### [STORED DATA]
↓↓↓
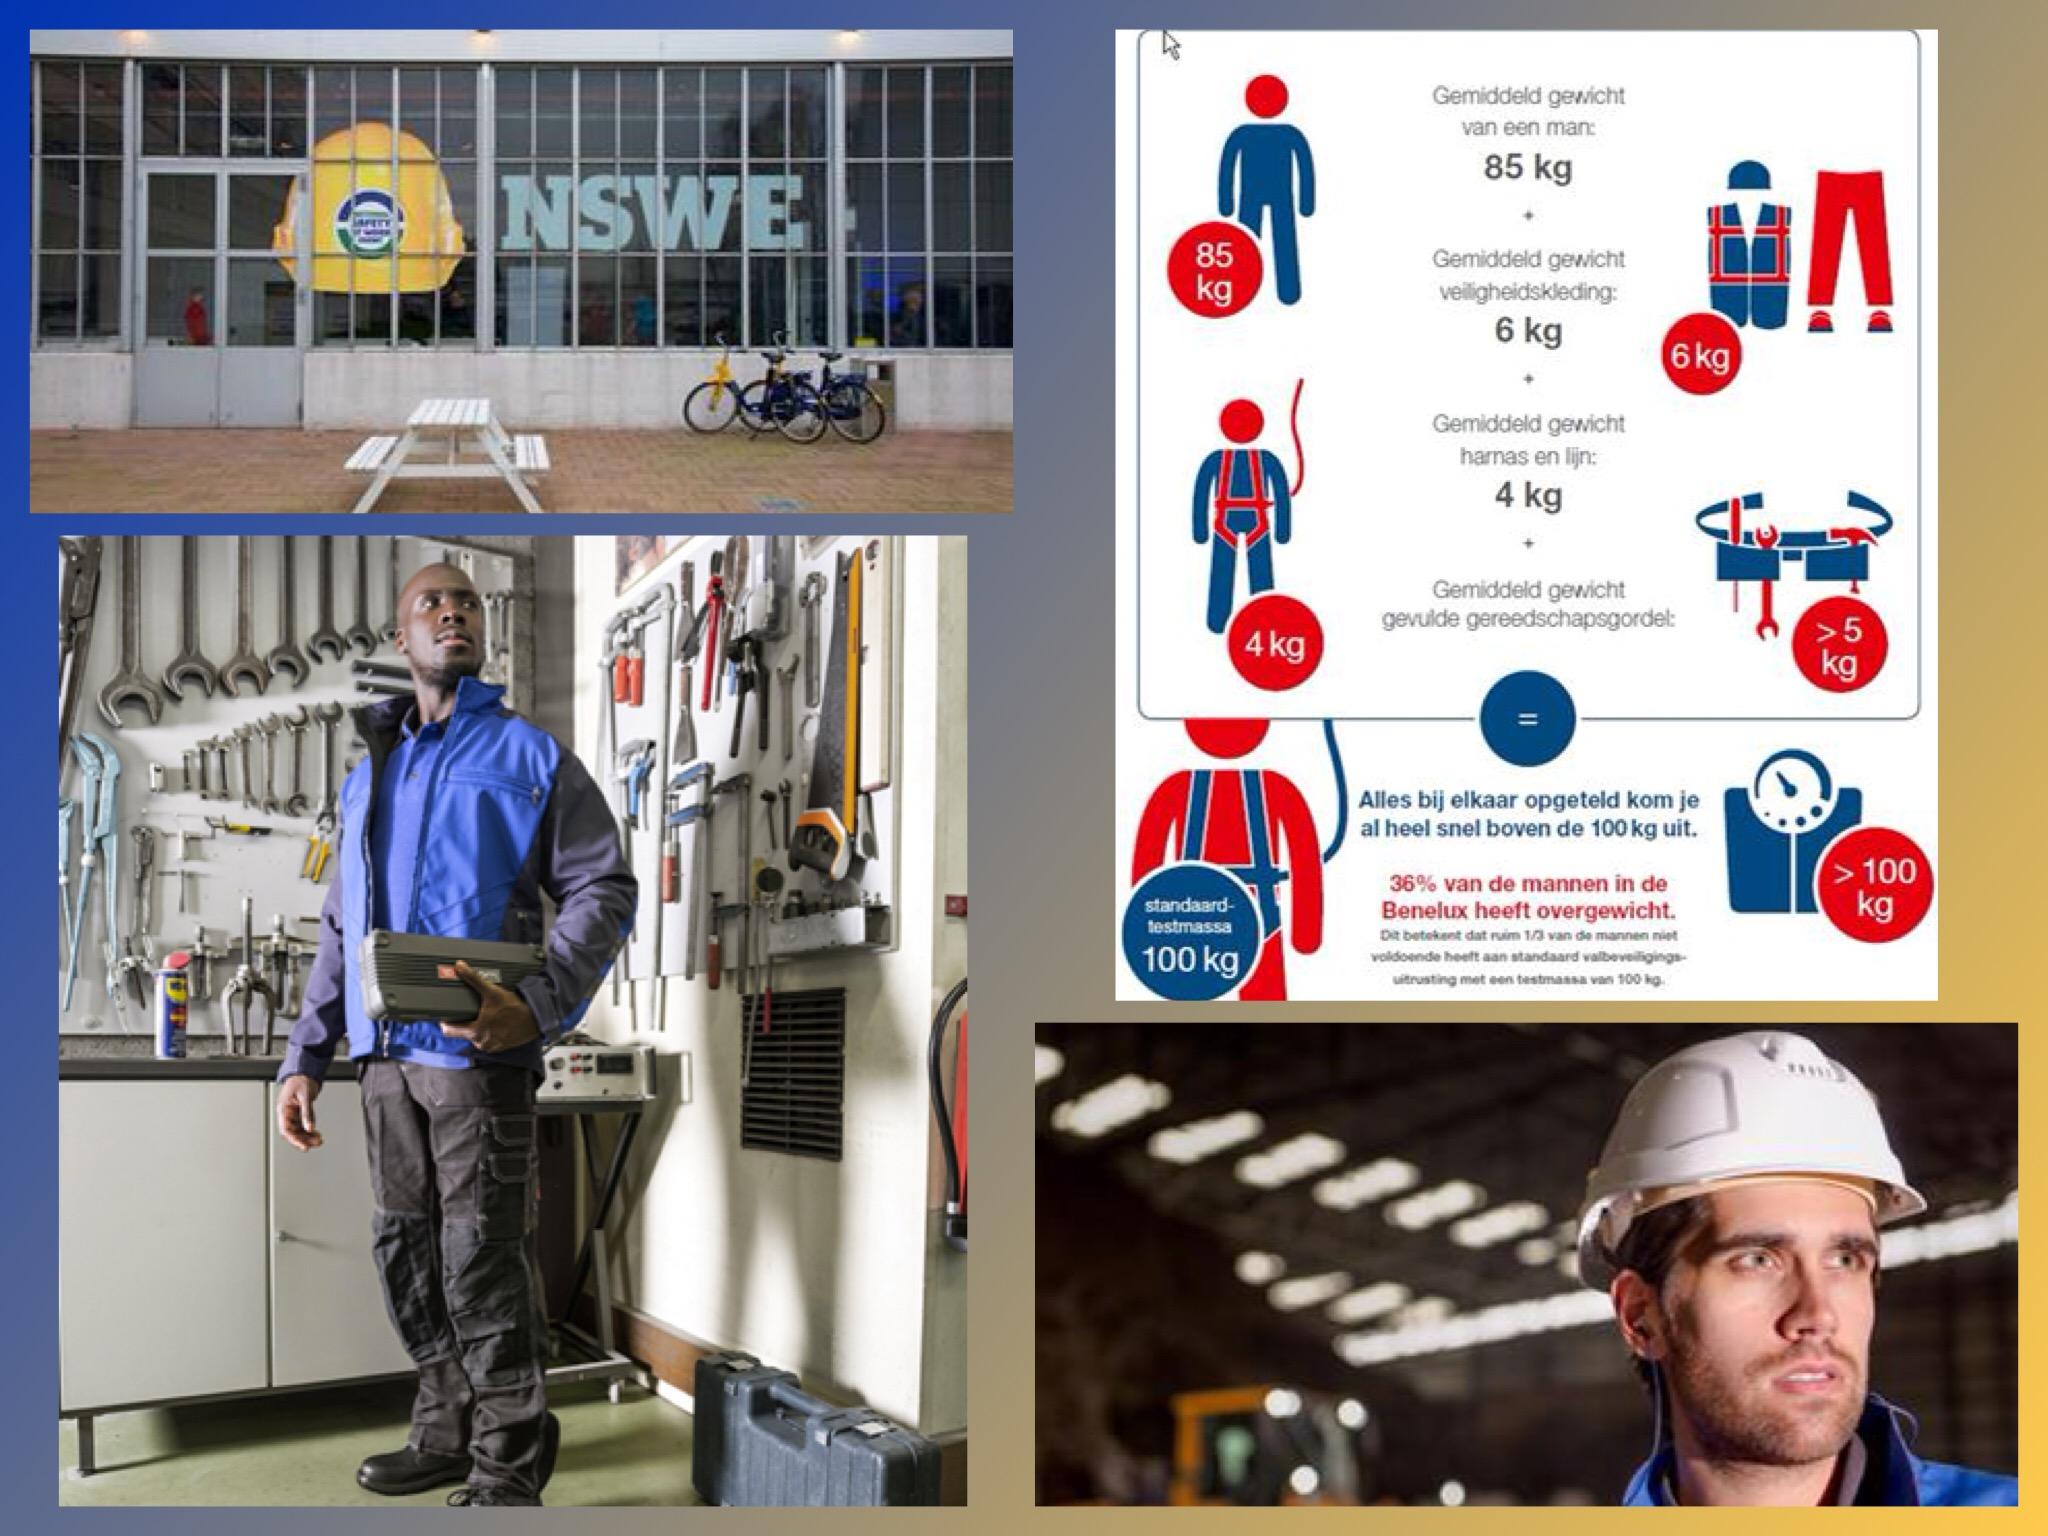 NIEUWSBRIEF: Hoe bespaart veilig werken?
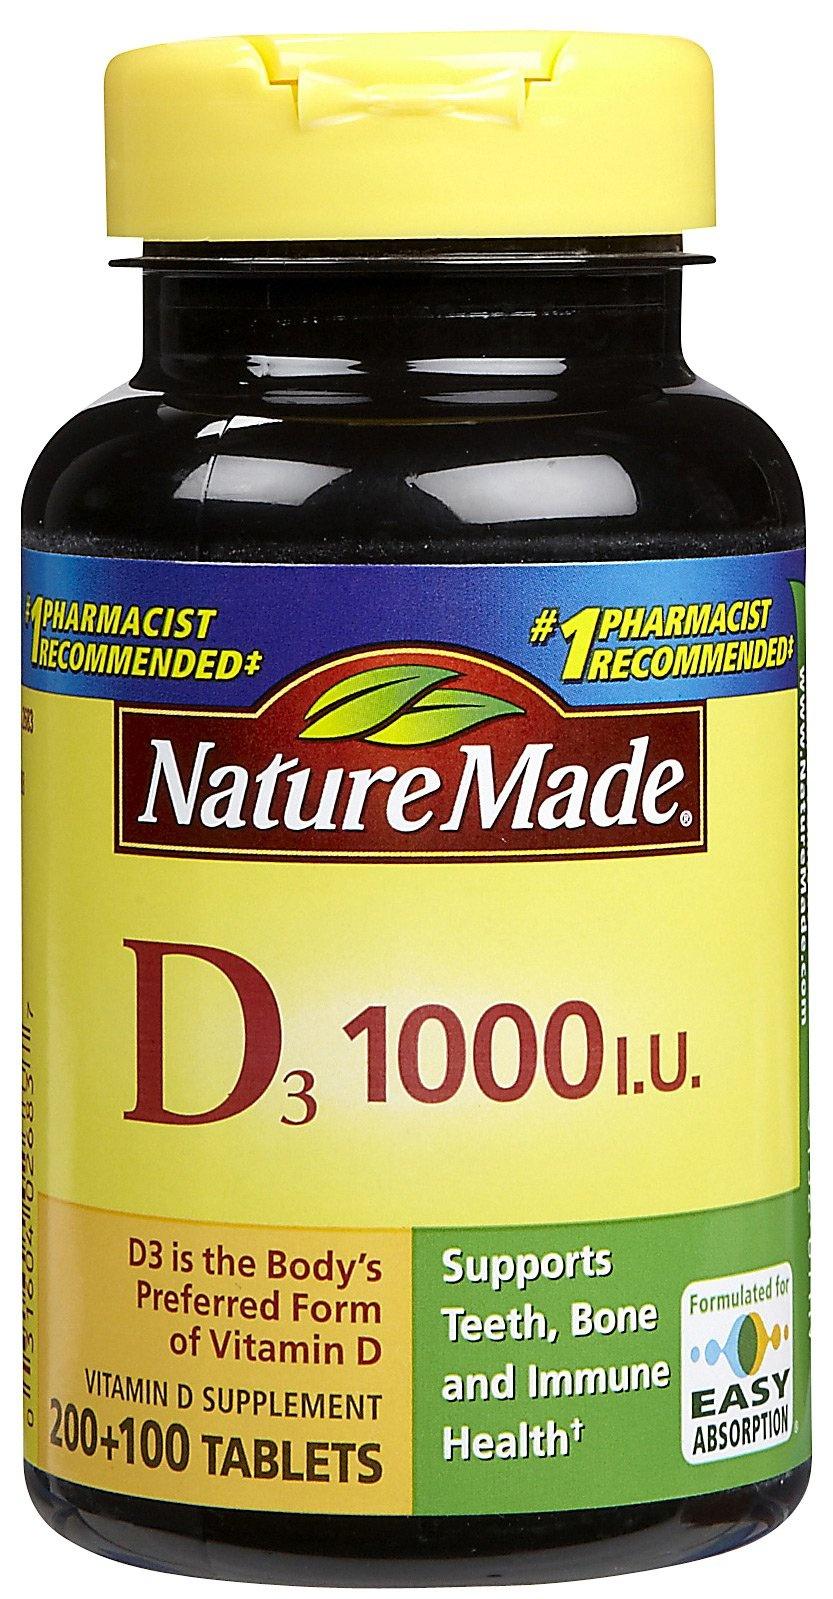 Nature Made Vitamin D Only $1.49 At Walgreens · - Free Printable Nature Made Vitamin Coupons
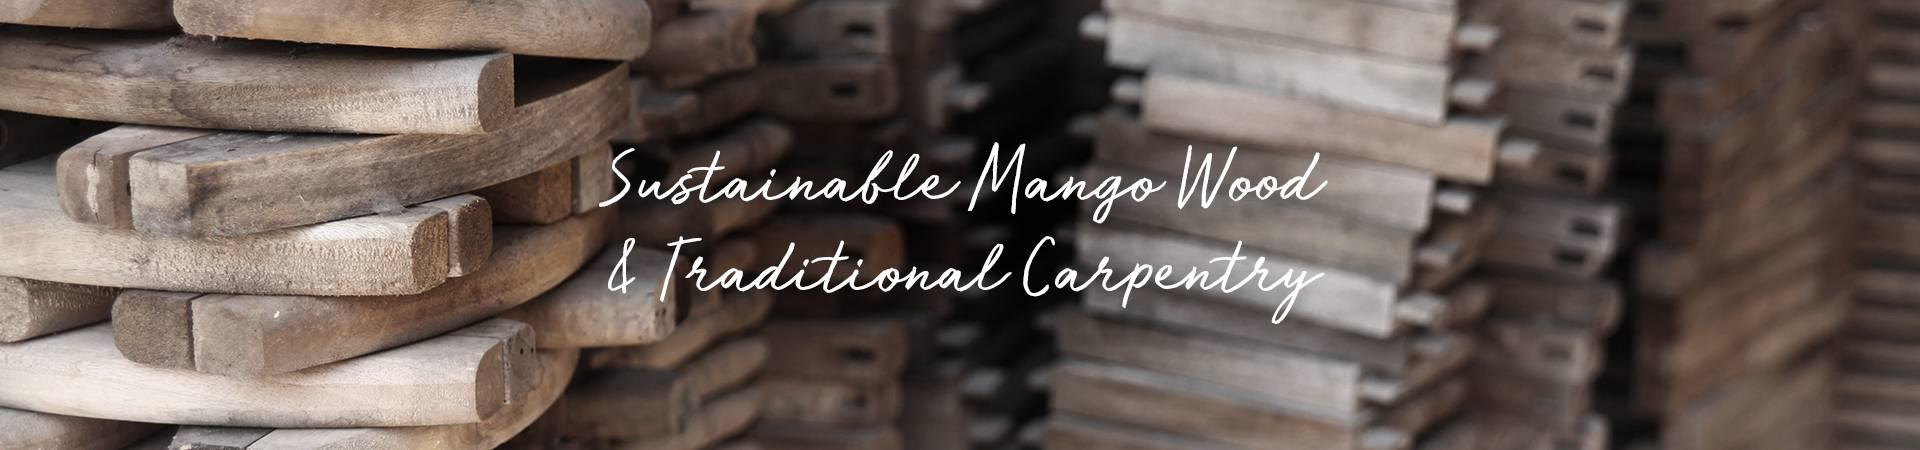 Nkuku_Sustainable-Mango-Wood_Header_Desktop.jpg
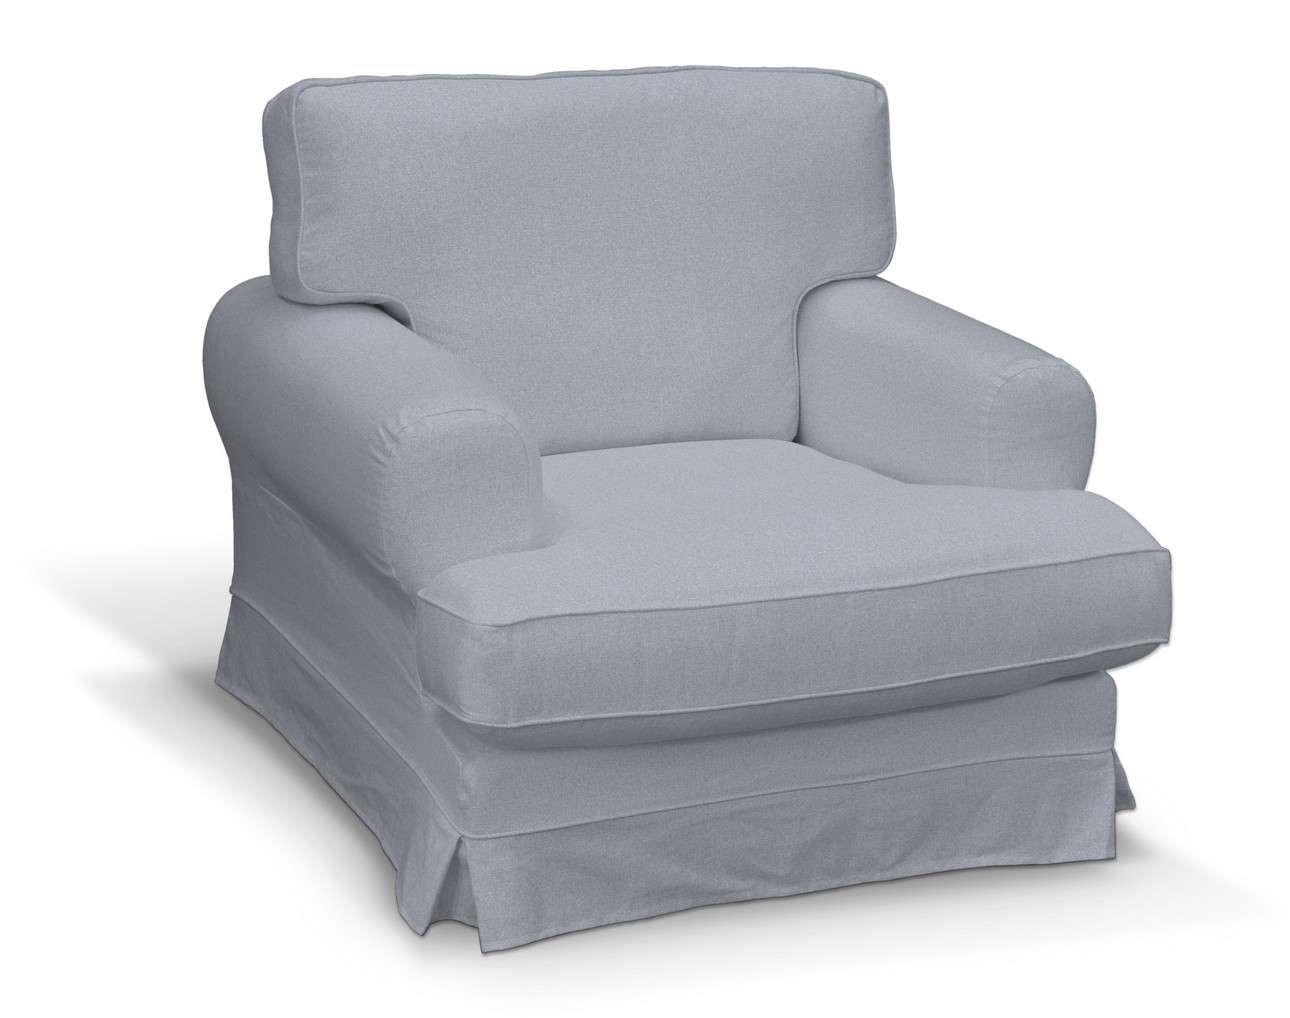 Bezug für Ekeskog Sessel von der Kollektion Amsterdam, Stoff: 704-46
↑↑↑
Return, exactly and without extra lines, everything from the line with "Nature Made Vitamin D" through the last line of the material above, both included. Pictures must be dropped.

### [EXERCISE SOLUTION]
 Nature Made Vitamin D Only $1.49 At Walgreens · - Free Printable Nature Made Vitamin Coupons
 Nkuku_Sustainable-Mango-Wood_Header_Desktop.jpg
 Bezug für Ekeskog Sessel von der Kollektion Amsterdam, Stoff: 704-46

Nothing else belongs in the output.